While experts agree that the Fed’s monetary policy slowed down the price growth last year, there are varied opinions on what would have happened if they had done nothing at all.

“I don’t think the affordability actually would’ve changed, but it would have like been ripe for a bubble. If interest rates stayed low for too long, then a bubble would’ve formed in the housing market where once interest rates went up, it would’ve been a much harsher fall.”

House prices were on a tear in 2020 and 2021 because of the demand-supply imbalance in the housing market, PNC senior economist Abbey Omodunbi says.

“We have seen a significant slowing in housing activity since the Fed started tightening monetary policy last year,” Omodunbi says. “House price growth would have accelerated if the Fed didn’t start tightening monetary policy.”

While it is true that the Fed’s rate hikes, which led to higher mortgage rates, slowed price growth, it’s not clear what the counterfactual would have been, according to Bright MLS Chief Economist Lisa Sturtevant.

“The goal of the rate hikes was to reduce inflation. Unchecked inflation would have also seriously eroded buyers’ purchasing power, so the fast pace of price growth could have slowed anyway,” she says.

Jeff Taylor, founder and managing director at Mphasis Digital Risk and board member at the Mortgage Bankers Association, agrees with that assessment.

If the Fed had done nothing and inflation continued to run rampant, prices still would have come down most likely due to a much faster recession and economic hardship, he says.

“When it comes to median prices of existing homes, it’s most relevant for homebuyers to look at price trends versus the previous month and relative to the pandemic peak. February existing home prices of $363,000 were up $4,000 from January, but down $50,800 from the pandemic era peak of $413,800 in June 2022,” he says.

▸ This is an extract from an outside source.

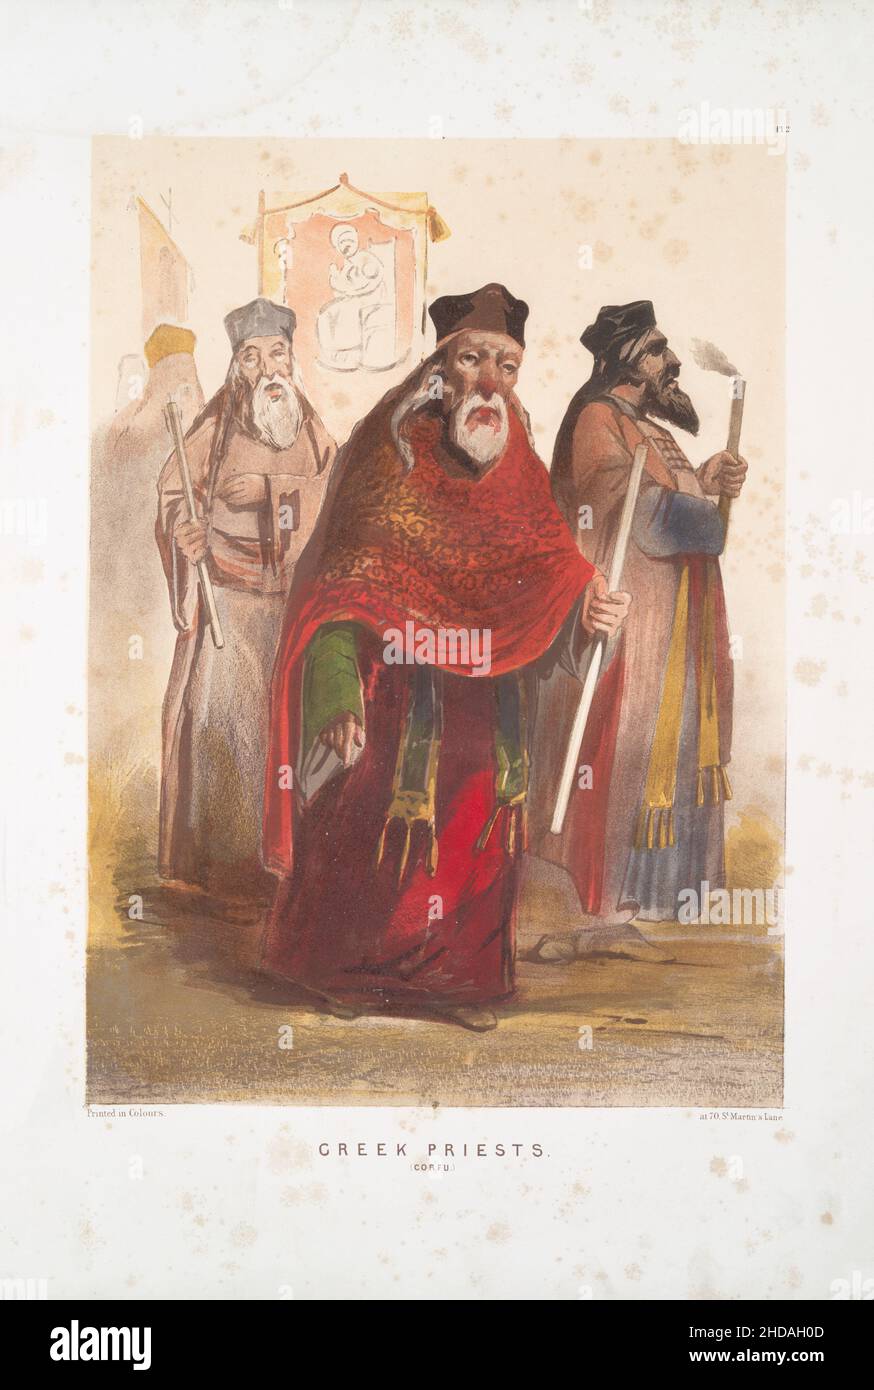 Vintage-Farblithographie des Osmanischen Reiches: Griechische Priester, Korfu 1854, von Forbes Mac Bean (Künstler) und Justin Sutcliffe (Lithograph) Stockfoto

Should the Federal Reserve raise rates again? What effect will it have on home prices if they do or don’t?

The Federal Reserve is between a rock and a hard place with the upcoming decision on whether to raise the short-term rate, Sturtevant says.

“My sense is they should pause rate hikes this month for two reasons: one, the uncertainty in the financial sector that has been at least partially brought on by rapid rate increases, and two, because of the way the data on housing costs are collected, falling rents and owner-occupied costs have not yet impacted the CPI (consumer price index), but they will in the coming months.”

 If the Fed raises interest rates, expect a more subdued spring housing market than originally anticipated at the beginning of the year, she says.

“If the Fed does not raise rates, that could signal their concern about the financial sector and economic stability, more generally, which could push mortgage rates lower and provide a burst of energy to the spring market,” she says.

Fed hikes cause lots of headline noise, but mortgage rates are lower than they have been for quite some time, more than 1% from their 7.375% peak on October 20, 2022, says Taylor.

“It is the daily trading of mortgage bonds – not Fed actions – that move mortgage rates,” Taylor says. “As bond investors get bullish seeing the Fed do its job to moderate inflation, mortgage rates will drop as lower future inflation makes bonds more valuable.”

And that is actually good news for homeowners, and as the Fed progresses on its inflation fight, mortgage rates are likely to drop more, he says.

“Prices dipped from the peak as higher rates resulting from the Fed inflation fight slowed home sales,” he says. “Prices rose slightly in February as rates dipped to near 6% in January.”